In the case of $d=7$, we pretty much have to perform a full division (at least for some values of $N$).



I believe that the general rule for base $B$ and $d\in[2,B-1]$ is the following:



[We can easily determine $d|N_B]\iff[\gcd(B,d)>1]\vee[gcd(B-1,d)>1]$



Is there an easy way to prove or refute this?







Partial answers will also be appreciated:




  • [We can easily determine $d|N_B]\impliedby[\gcd(B,d)>1]$

  • [We can easily determine $d|N_B]\impliedby[[gcd(B-1,d)>1]$

  • [We can easily determine $d|N_B]\implies[\gcd(B,d)>1]\vee[gcd(B-1,d)>1]$



The $1^{st}$ one is pretty trivial, I believe that the $2^{nd}$ one also holds, but I'm not sure about the $3^{rd}$ one.


Answer




Just to summarise some of the material in the comments and expand it slightly.



There is a well-known test for 7. $a_k\dots a_1a_0$ is divisible by 7 iff $(a_2a_1a_0)-(a_5a_4a_3)+(a_8a_7a_6)-\dots$ is divisible by 7. For example 12383. We divide the digits into groups 12 383 and subtract to get 371. That is divisible by 7, so 12383 is divisible by 7.
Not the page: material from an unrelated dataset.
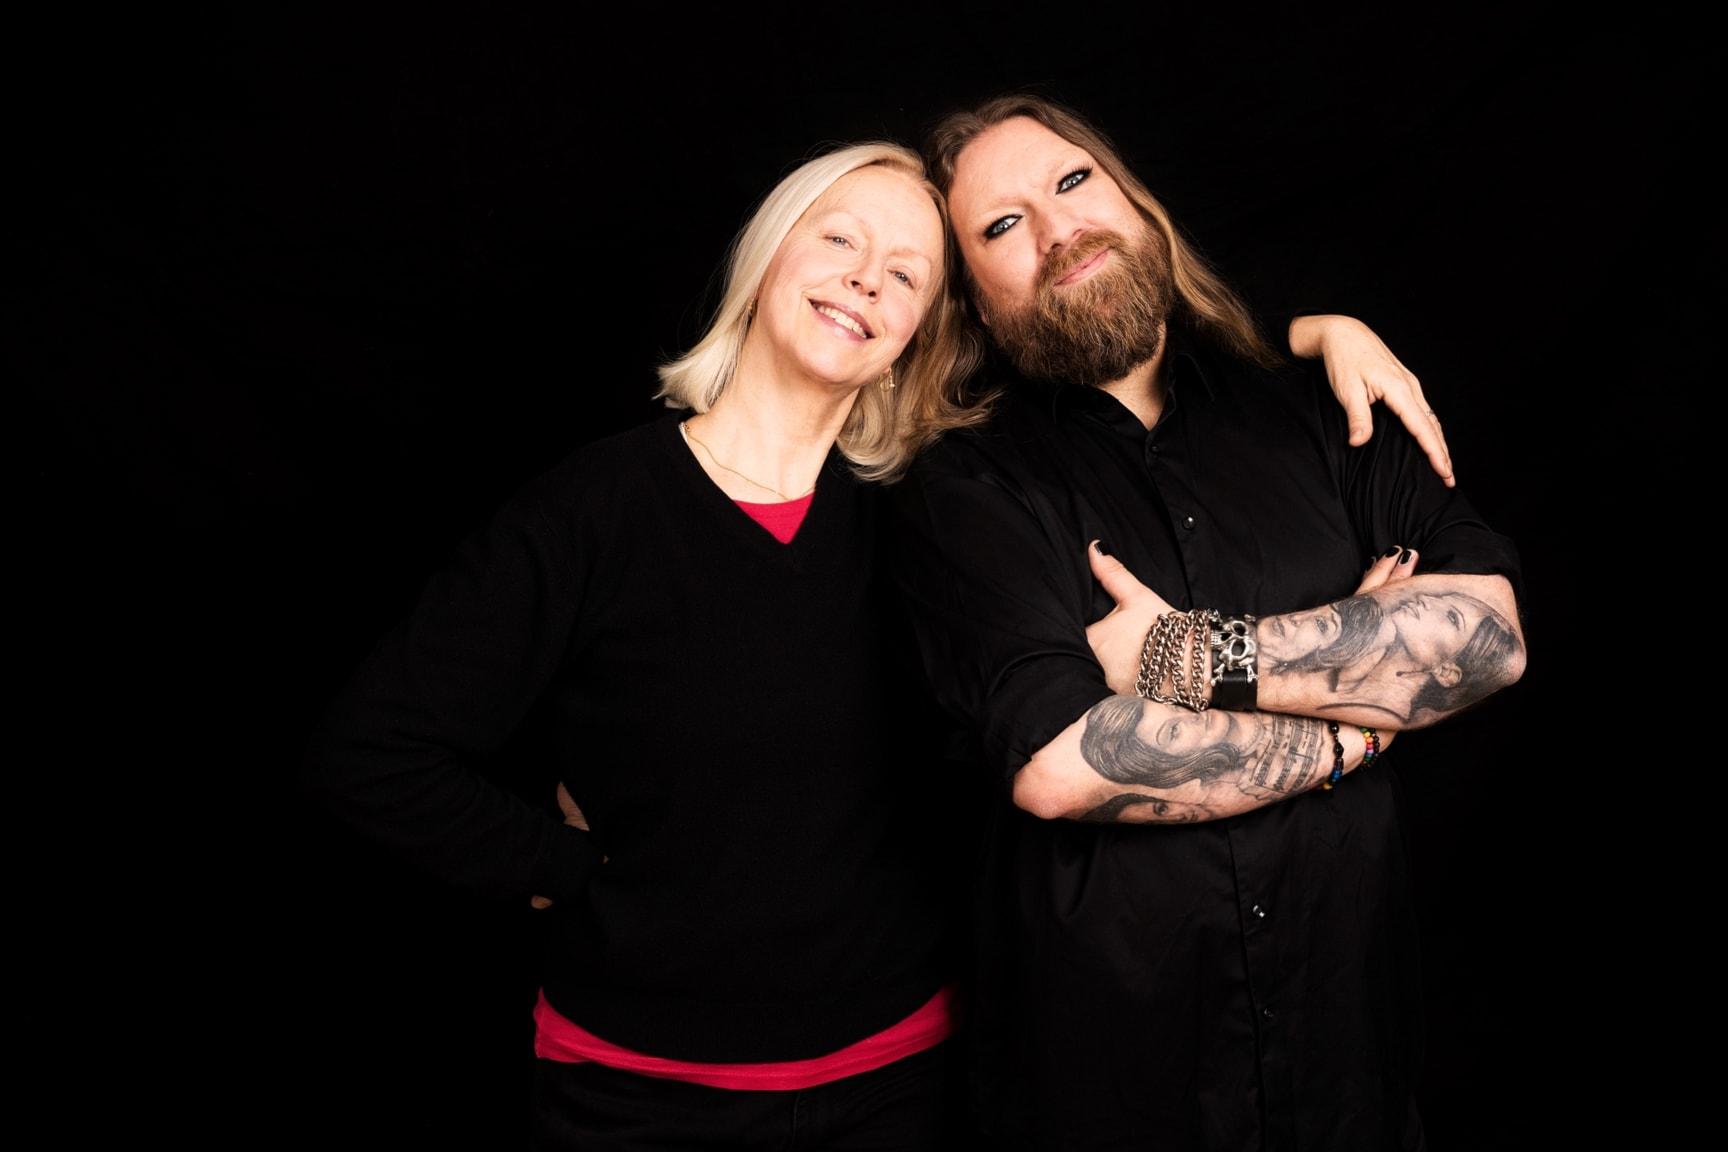 Kvinnor som gestaltar män med gäst Anne Sofie von Otter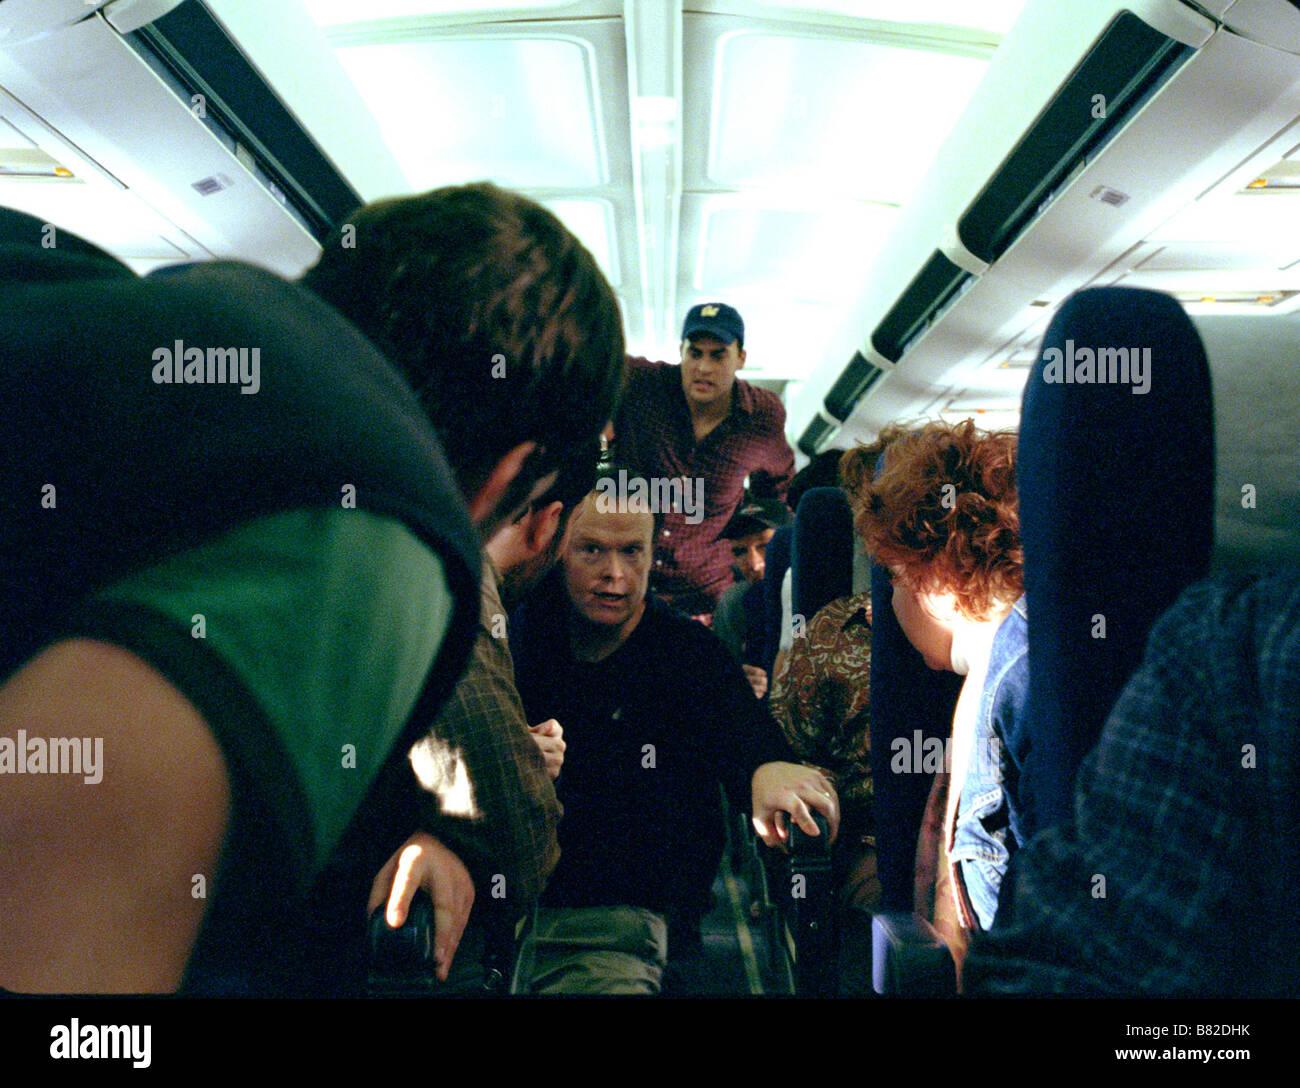 Regno 93 2006 Francia / Regno Unito / STATI UNITI D'AMERICA Cheyenne Jackson Direttore: Paul Greengrass Foto Stock

This approach can be used for divisors outside the range 2-9. The idea is to look for divisors of $B^k+1$. It also works for $B^k-1$ (but you add the groups instead of alternately adding and subtracting them. Since $1001=7\times11\times13$ the test for 7 can be used for 11 and 13 at the same time. For example, 371 is not divisible by 11 or 13, so 12383 is also not divisible by 11 or 13.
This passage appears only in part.